**Stored data**.
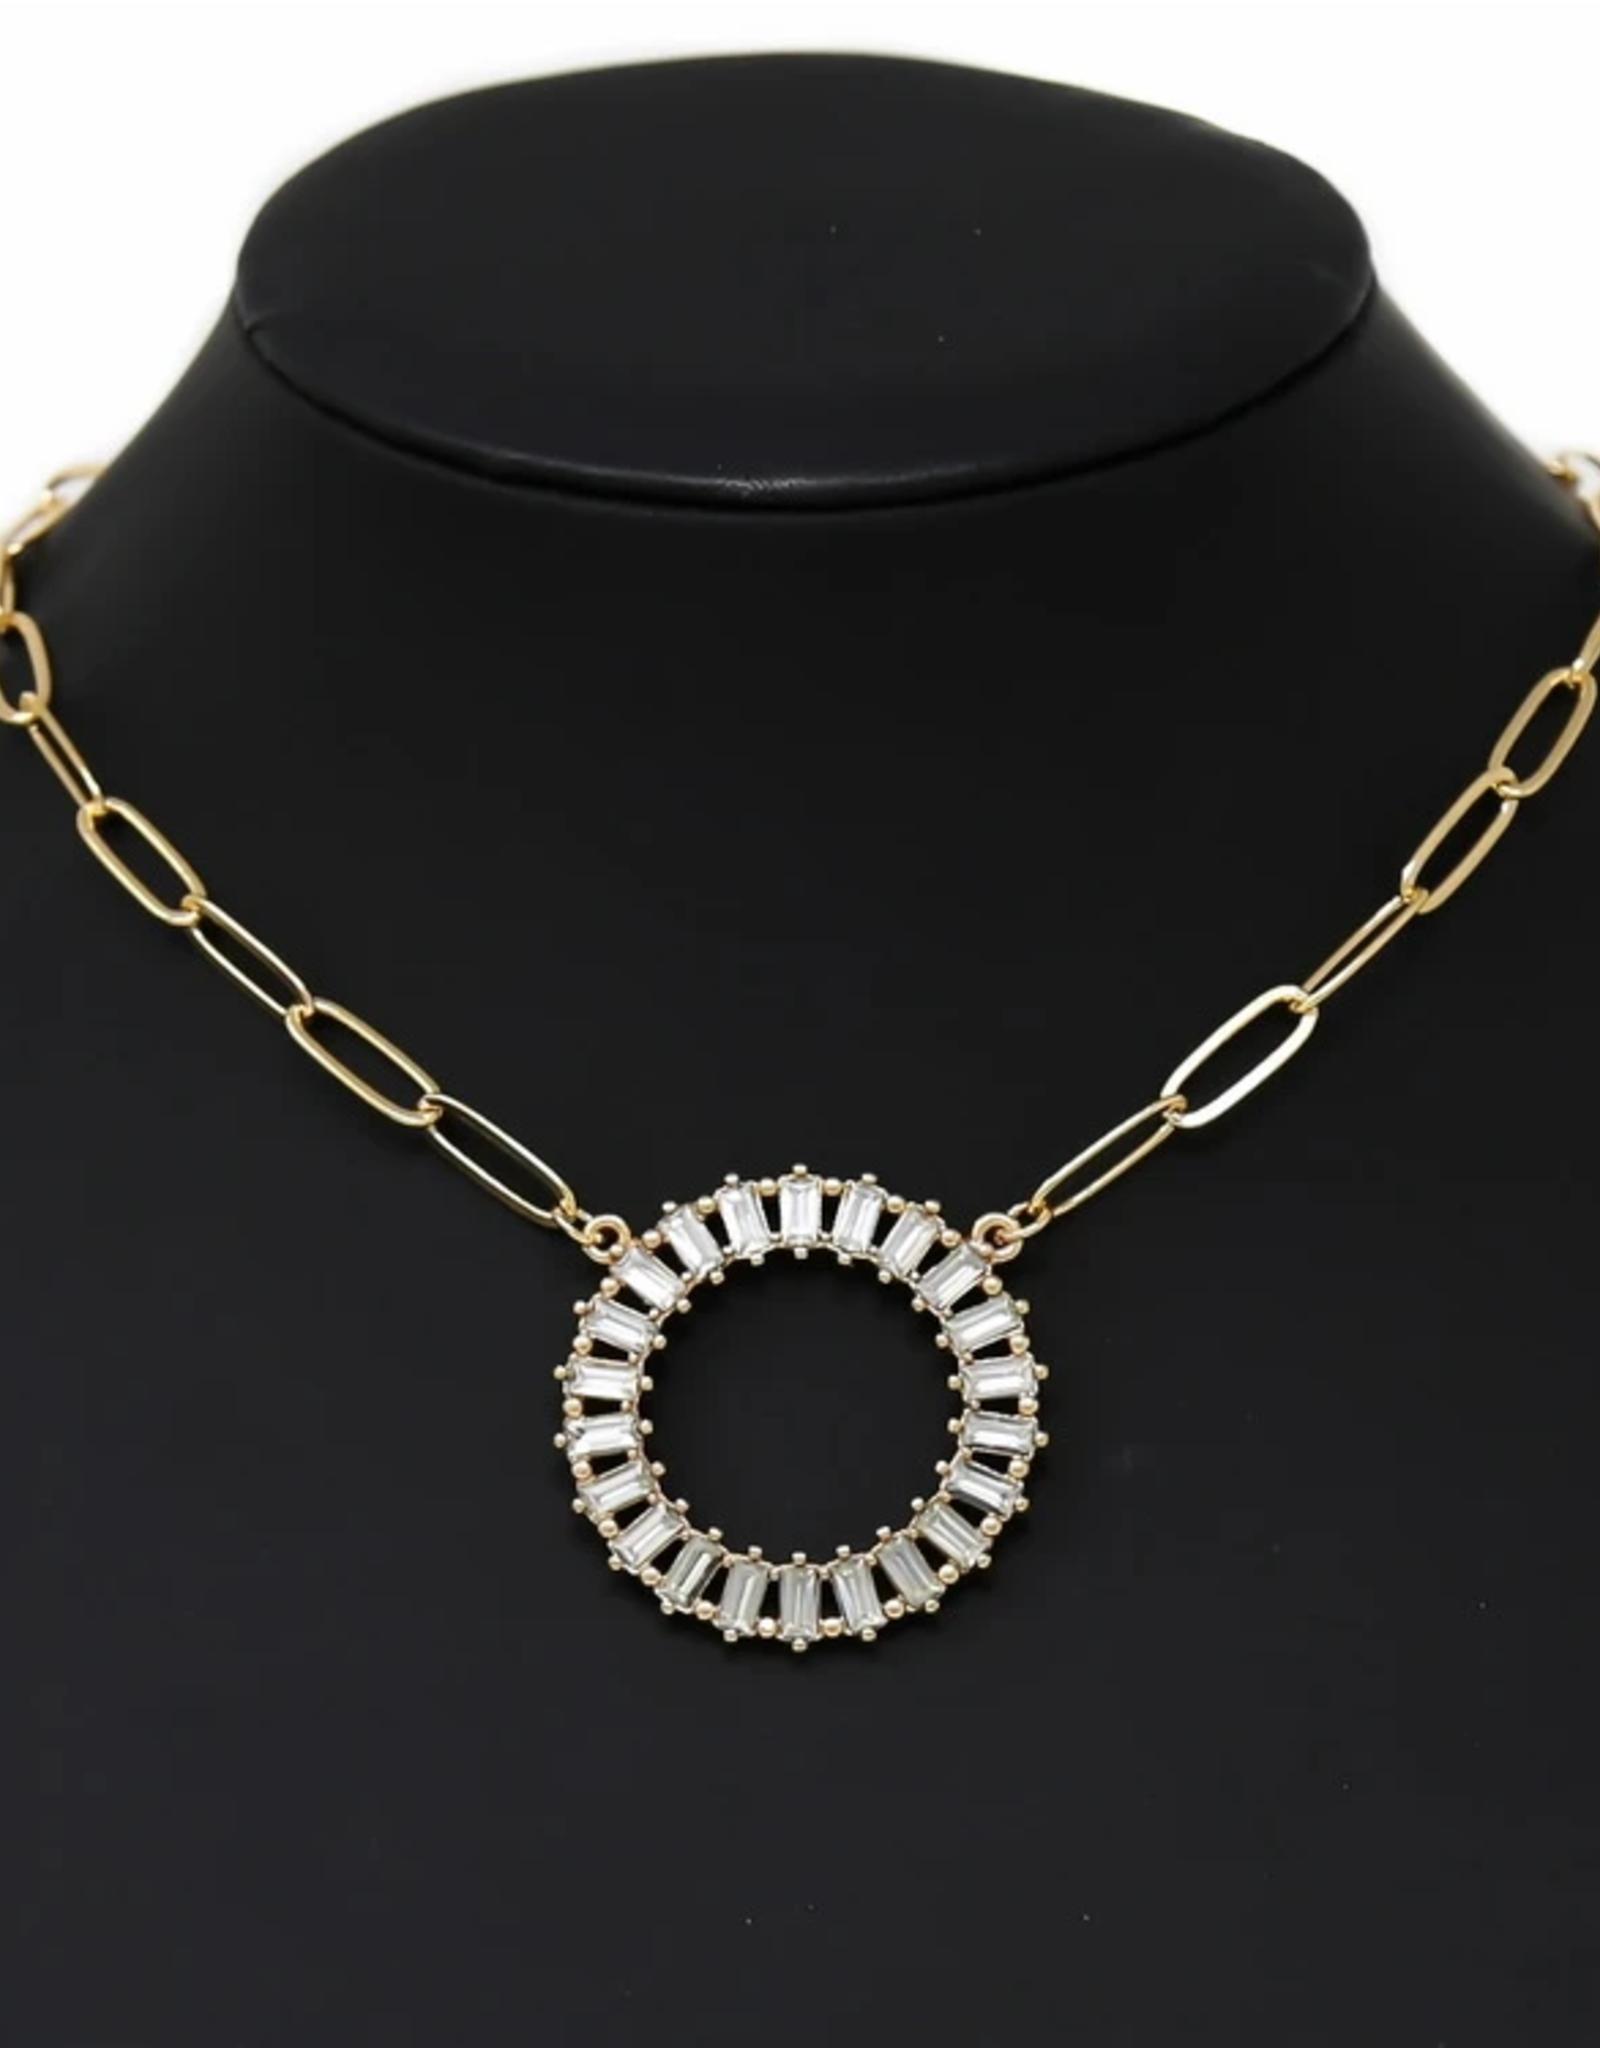 Blue Suede Jewels Emerald Cut Stone Pave Circle Pendant Short Chain Necklace
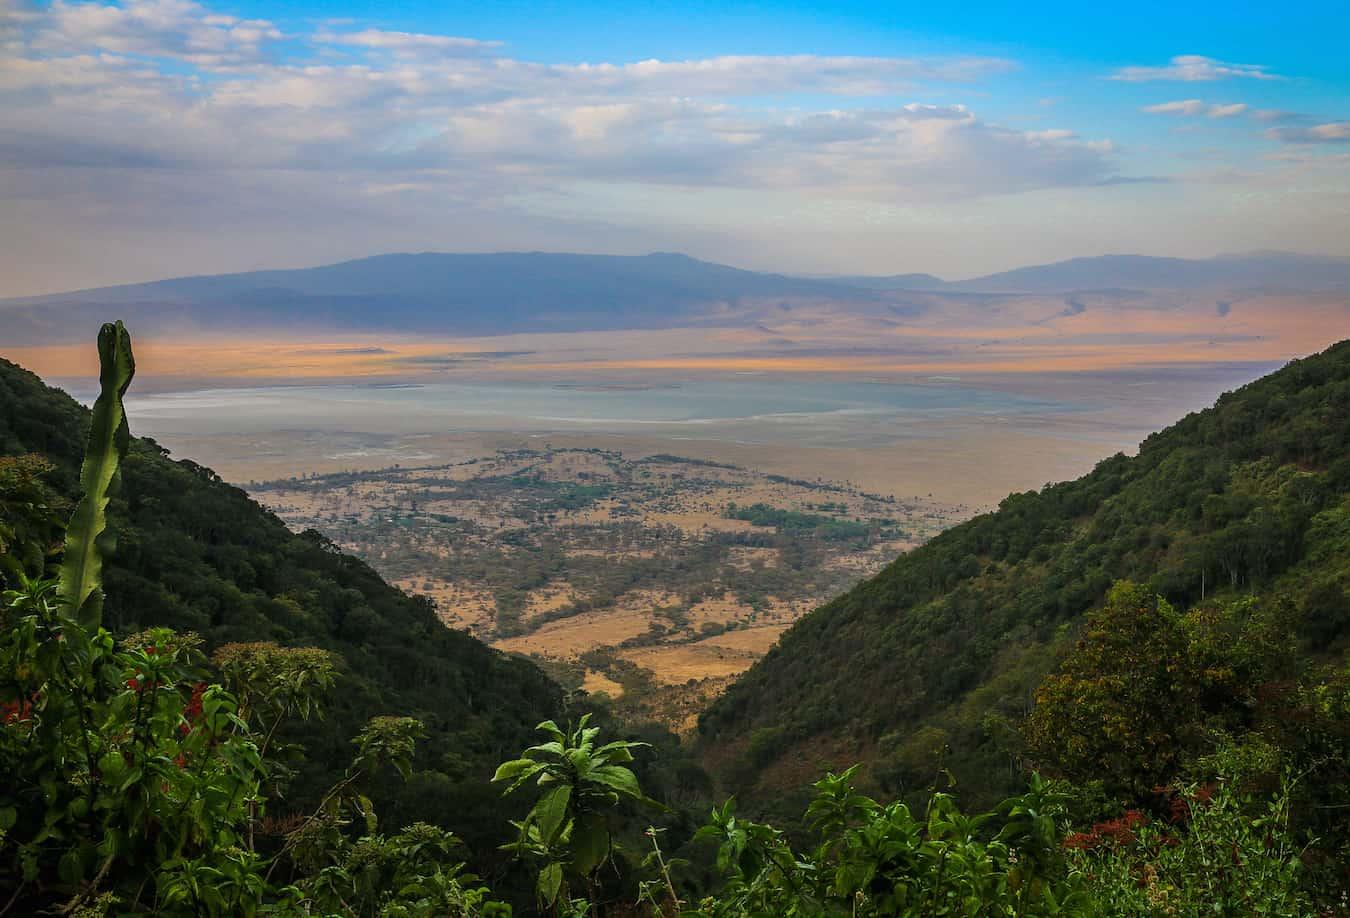 Sunset on Ngorongoro Crater, Tanzania
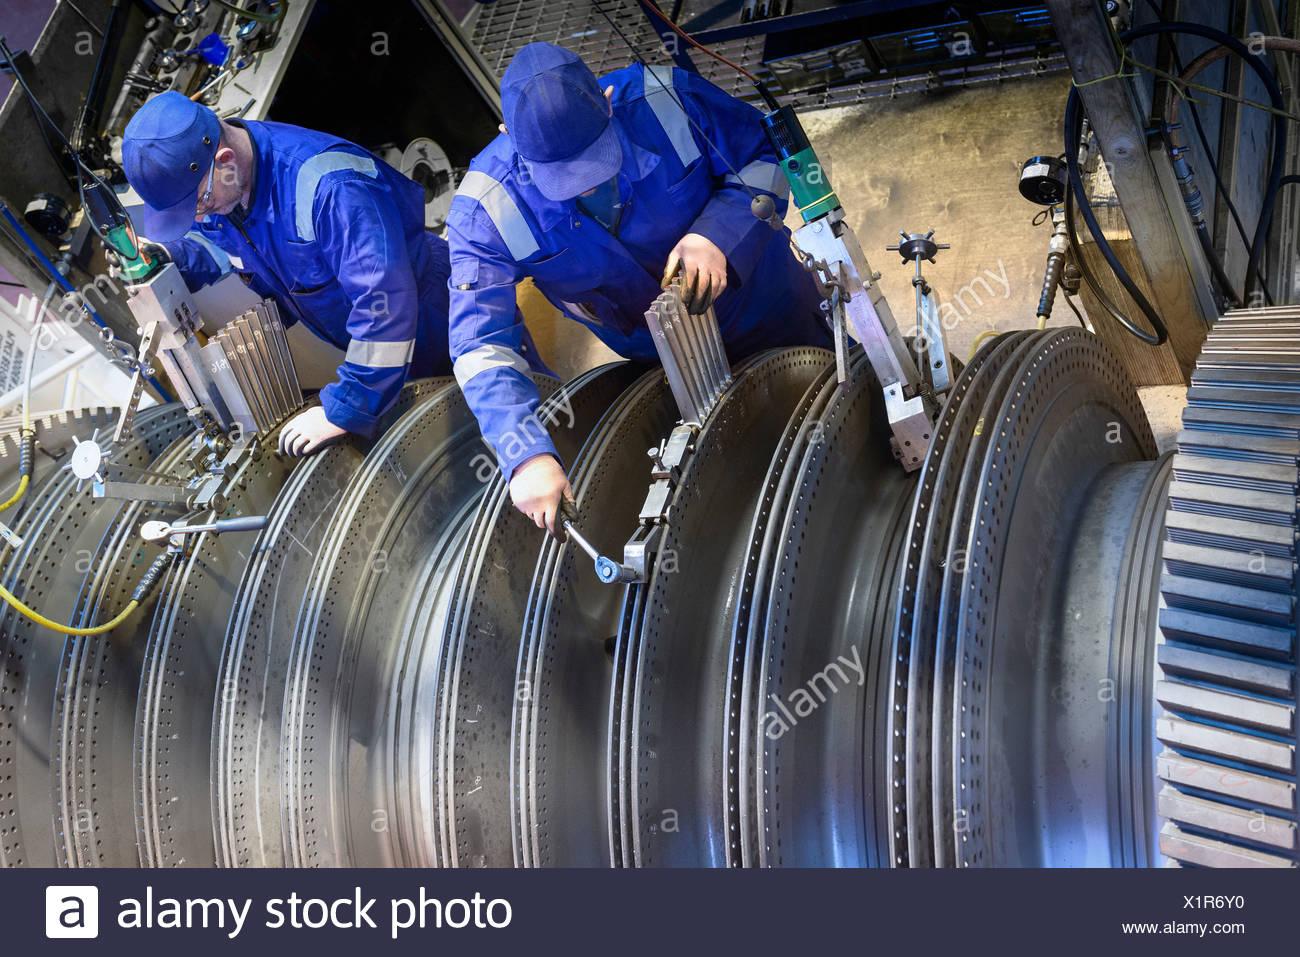 Engineers fitting blades to steam turbine in turbine repair bay - Stock Image

**Directions for this task**. Nothing but the lines from the one containing "Sunset on Ngorongoro Crater, Tanzania" through the end of the listing should be printed, each exactly as it appears and without pictures.

**Response for this exercise**.
 Sunset on Ngorongoro Crater, Tanzania
 Engineers fitting blades to steam turbine in turbine repair bay - Stock Image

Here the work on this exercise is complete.